XHTLX-TDT
- Tlaxcala, Tlaxcala; Mexico;
- Channels: Digital: 23; Virtual: 10;
- Branding: Tlaxcala Televisión

Programming
- Affiliations: Canal Once Canal 22 Mexiquense Televisión DW-TV

Ownership
- Owner: Coordinación de Radio, Cine y Televisión de Tlaxcala; (Gobierno del Estado de Tlaxcala);
- Sister stations: XETT-AM, XHCAL-FM, XHTLAX-FM

Technical information
- Licensing authority: CRT
- ERP: 7.26 kW
- Translator(s): see below

Links
- Website: www.tlaxcalatelevision.tv

= XHTLX-TDT =

Tlaxcala Televisión is a public television station operated by the Coordinación de Radio, Cine y Televisión de Tlaxcala (CORACYT) which serves the Mexican state of Tlaxcala. Tlaxcala Televisión's programming primarily consists of cultural and educational content, along with news and sports coverage. It also airs programming from Canal Once, Canal 22, Mexiquense Televisión and DW-TV

TDT was founded in the early 1980s and traces its roots to the breakup of Televisión Rural de México, which operated a channel 12 in Tlaxcala.

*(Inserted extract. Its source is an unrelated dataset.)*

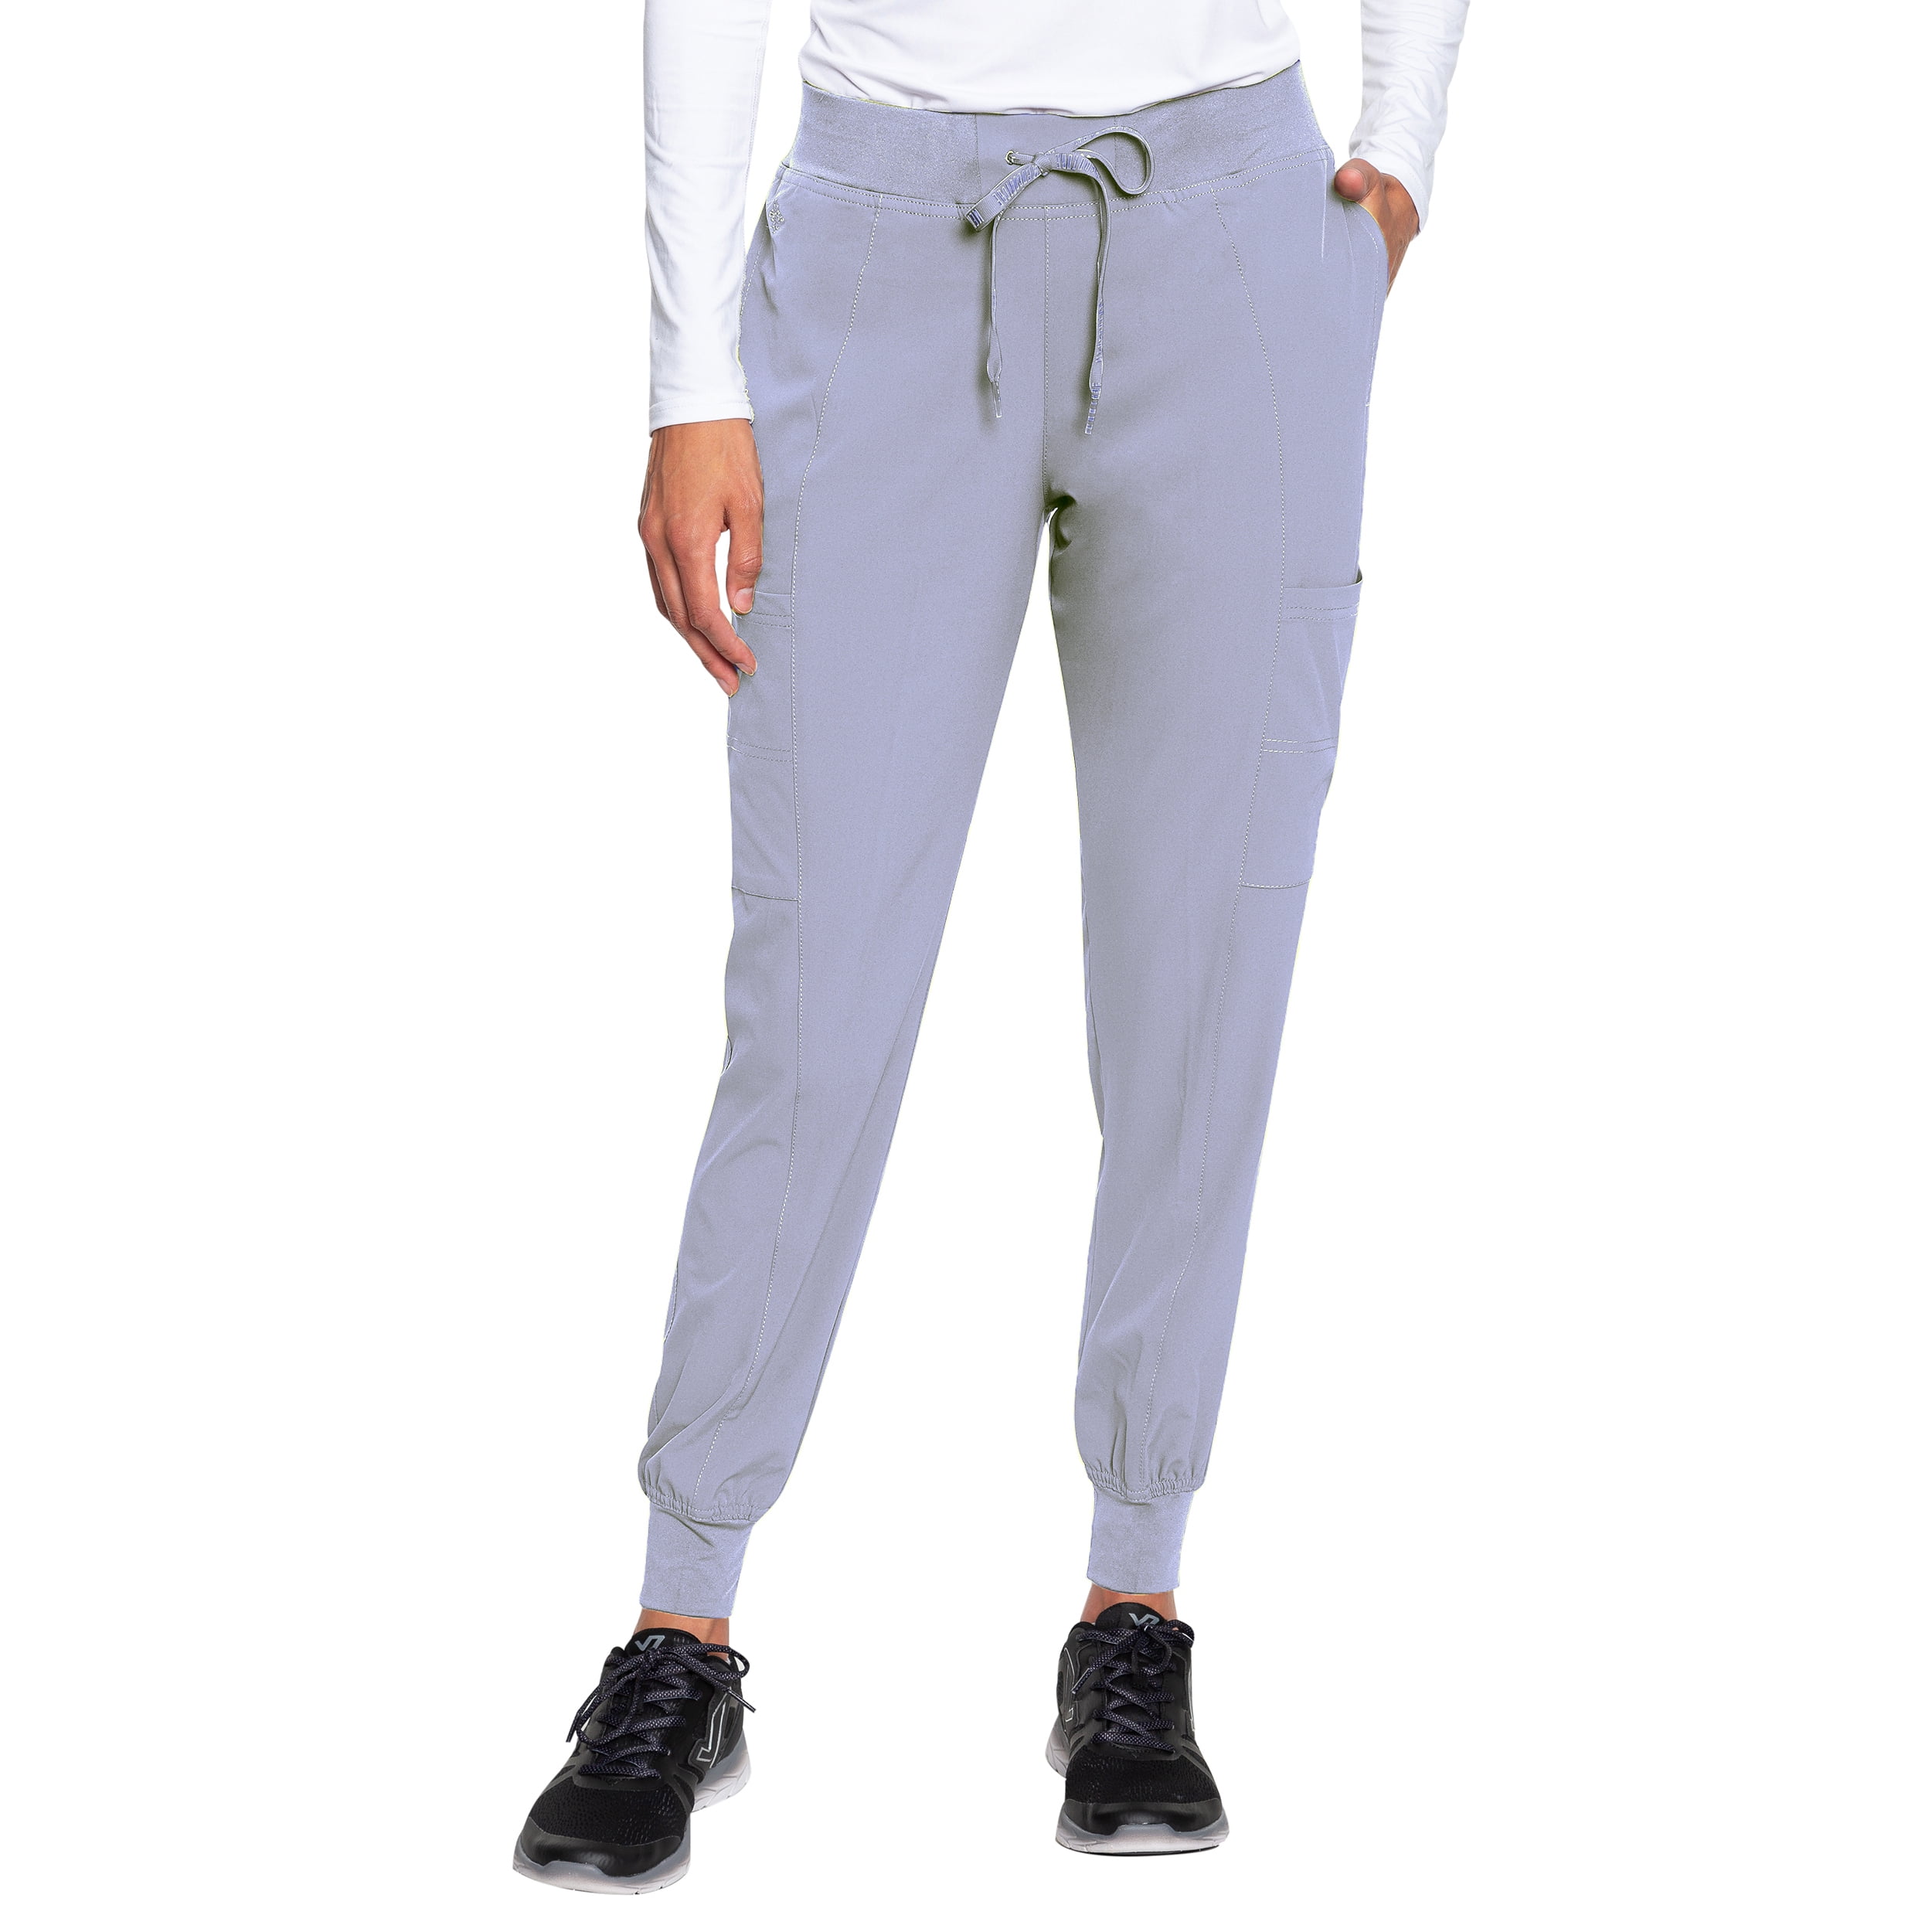 Med Couture Peaches Women's Seamed Jogger Pant

In the 1990s, the state television station ceased all local production; this returned in 2000.

In the late 2000s through to 2017, the state network was known as "TDT, La Televisión de Tlaxcala", predating the conversion of the network to digital television, or televisión digital terrestre. All digital stations in Mexico carry the -TDT suffix. The state network renamed to Tlaxcala Televisión in 2017.

==Transmitters==
Tlaxcala Televisión uses a network of five terrestrial television transmitters to provide statewide coverage. Its transmitters are the only television stations licensed directly to Tlaxcala.

| RF | VC | Call sign | Location | ERP |
|---|---|---|---|---|
| 22 | 10 | XHTXB-TDT | Apizaco | 7.26 kW |
| 31 | 10 | XHTCL-TDT | Calpulalpan | 1.5 kW |
| 23 | 10 | XHTXM-TDT | Huamantla | 3.77 kW |
| 22 | 10 | XHSPM-TDT | San Pablo del Monte | 3.94 kW |
| 23 | 10 | XHTLX-TDT | Tlaxcala | 7.26 kW |

Except for XHSPM and XHTCL, the state network went digital-only on December 31, 2015. The San Pablo del Monte and Calpulalpan stations converted on December 15, 2016.

In February 2017, XHTLX was approved to move from channel 22 to 23 by the IFT.